I also CCd the same other emails as in my previous email, since some of 
them may want to have a look at it too.

Thanks,
Alex
Comment 7 Jens Axboe 2021-11-12 21:22:17 UTC
This is still mixing up multiple things. There are two things to consider here:

1) The dirty page cache for the file/device. This is what the kernel knows about, and fsync will flush all of it.

2) The device side potential write back cache. The kernel has no knowledge of the state of this. The kernel will issue a synchronize cache command for the device, upon which the device should ensure that all previously acked data is now on stable storage (eg the cache is clean).

The kernel will ensure that _all_ dirty cache is flushed out to the device, and then it will issue a flush command. That's all the kernel can do, and it will not leave dirty data unwritten for that mapping when fsync(2) is invoked. That's outside of errors that can happen, for which fsync(2) will return an error.

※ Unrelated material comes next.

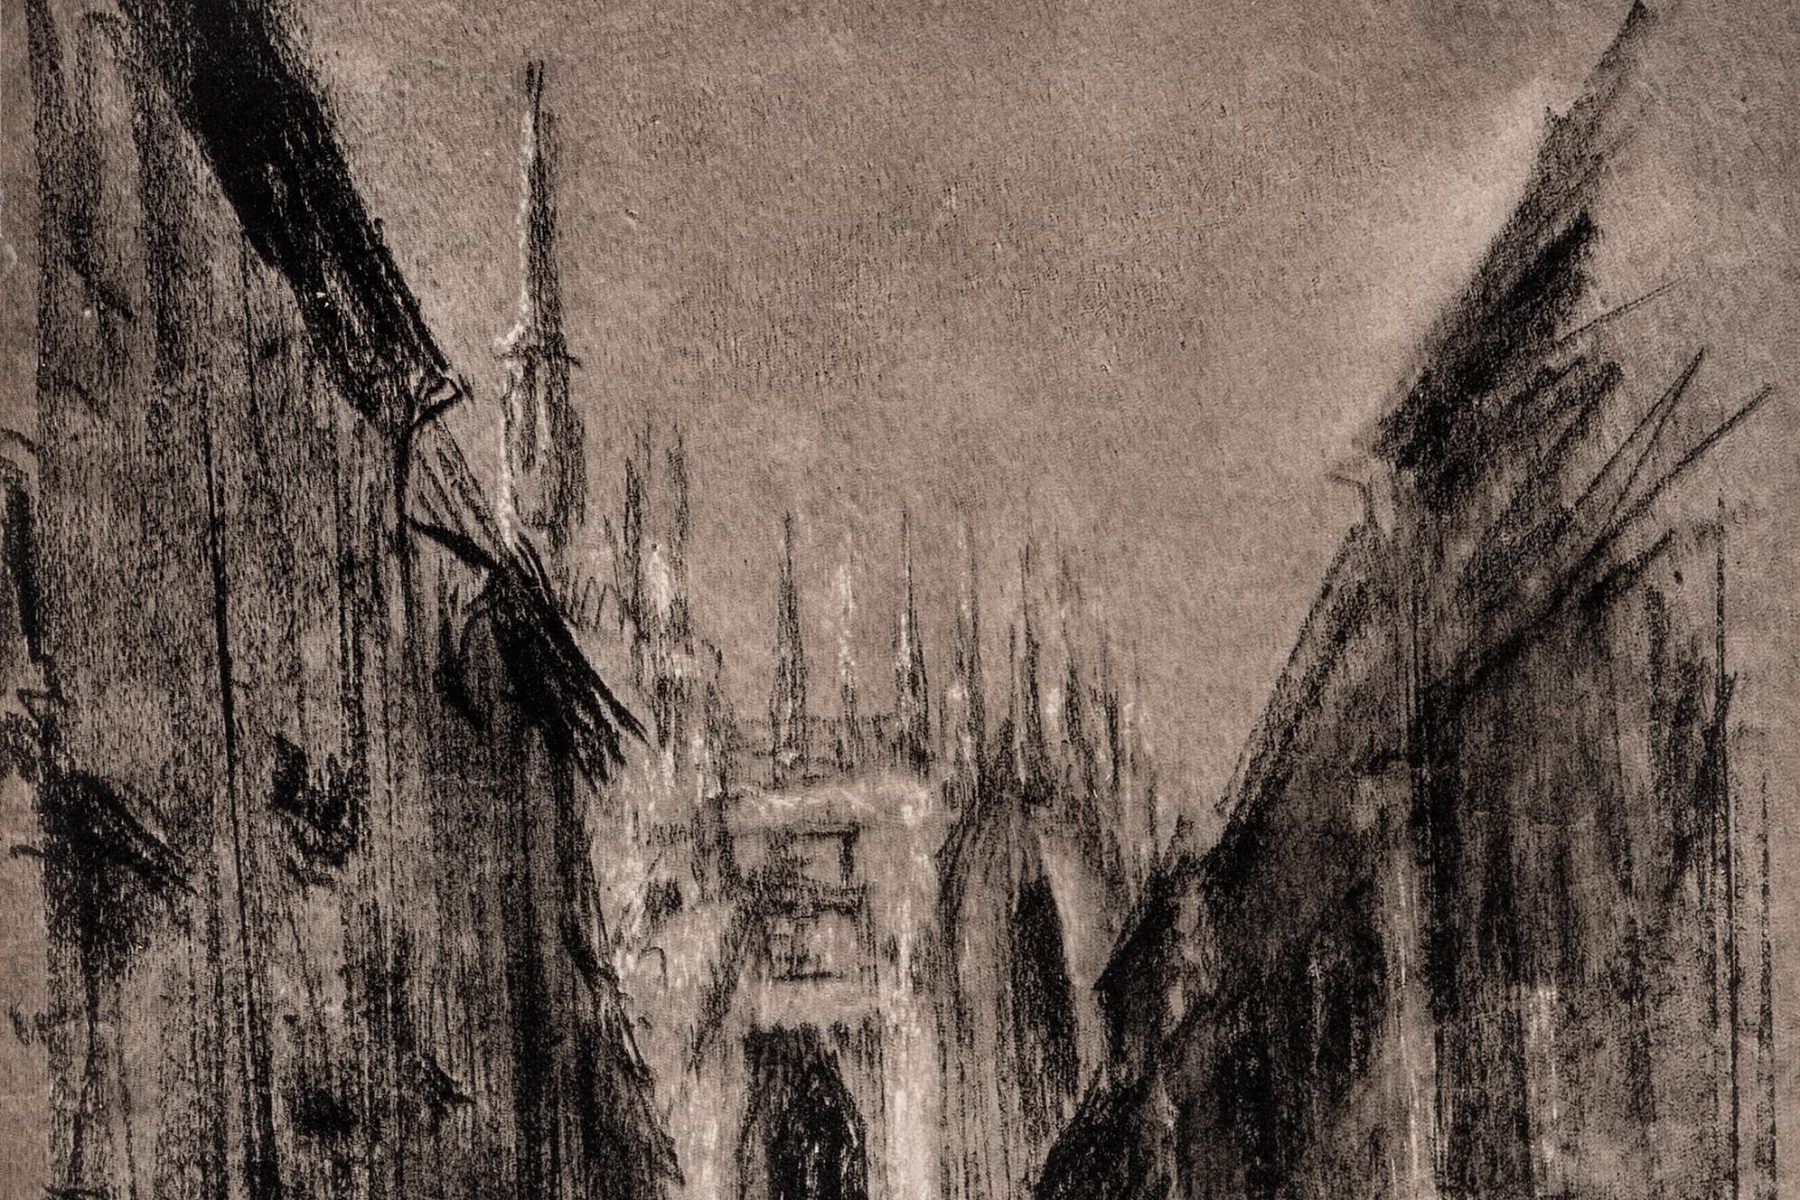 Druckgrafik von Max Liebermann mit Ansicht einer Stadt.

There's no issue here, outside of the potential buggy device case. For that case, the kernel still does what it's supposed to, which is flush all dirty kernel cache to the device. If the device is buggy and doesn't commit it to stable storage when a synchronize cache command is issued, the kernel has no knowledge of this nor is there anything it can do about it. There's no early return _unless_ the device is buggy! The man page clearly states that the call blocks until the device has told you that the data is stable. If the device violates the storage standards it belongs to, then you are likely screwed in more ways than just this one.

Please close this one.
Comment 8 sworddragon2 2021-11-12 23:38:11 UTC
(In reply to Jens Axboe from comment #7)
> The kernel will ensure that _all_ dirty cache is flushed out to the device,
> and then it will issue a flush command. That's all the kernel can do, and it
> will not leave dirty data unwritten for that mapping when fsync(2) is
> invoked.

That is pretty clear and now I would say the mentioned sentence should be indeed being updated but...

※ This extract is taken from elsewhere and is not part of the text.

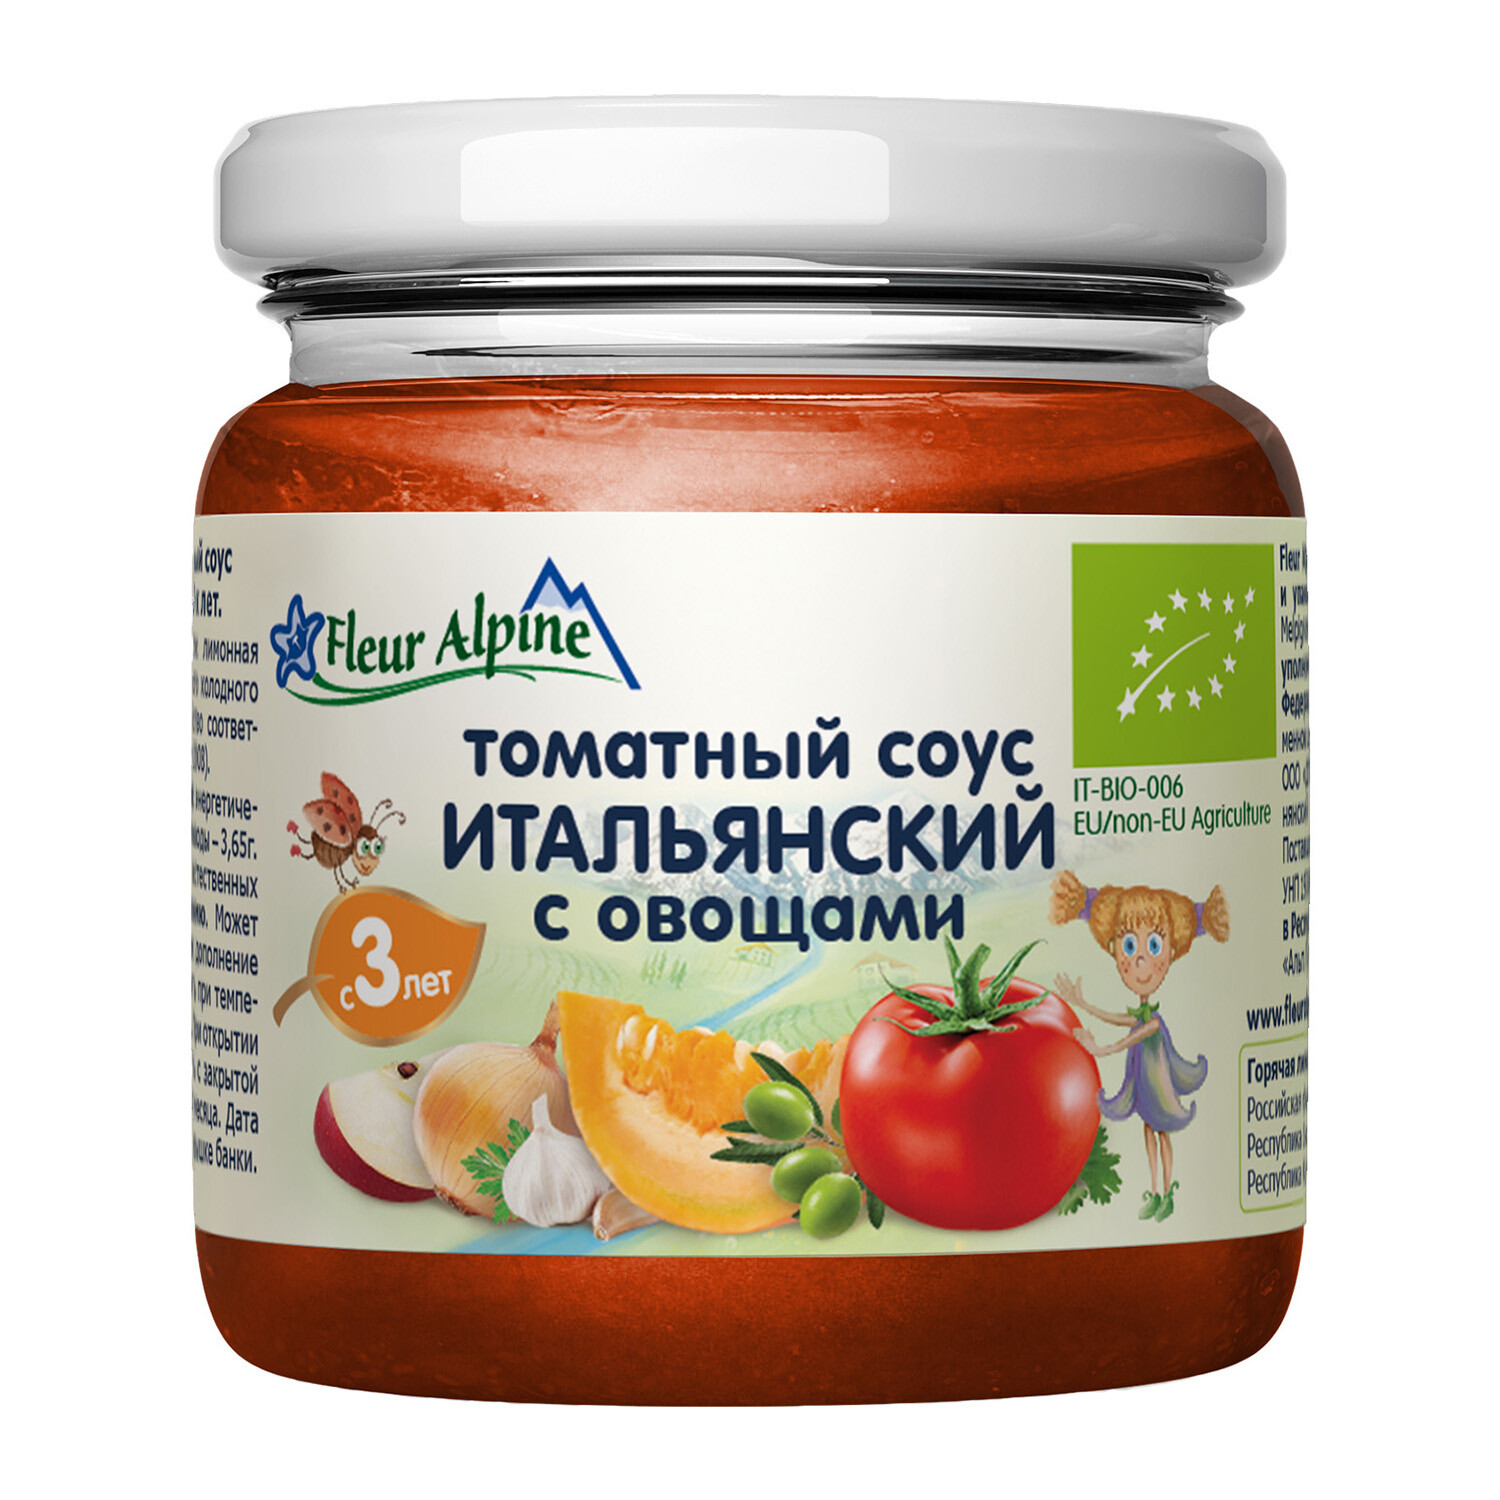 Флёр Альпин - соус томатный с овощами Итальянский, с 3-х лет, 95*2 0745WB

(In reply to Jens Axboe from comment #7)
> The man page clearly states that the
> call blocks until the device has told you that the data is stable.

This would probably go better with an example: Userspace requests 600 MiB to be written to an external storage device. fsync(2) has been called, 500 MiB have been sent to the storage device and 100 MiB are still in the dirty kernel cached data. At this point due to a slight firmware-bug the device falsely signals the transfer has been completed (but might not reject further received data). The referenced sentence in the manpage strictly claims fsync(2) returns here despite the kernel still having 100 MiB dirty kernel cached data while the part before claims the 100 MiB would also have been flushed - that is the conflict I'm claiming about here.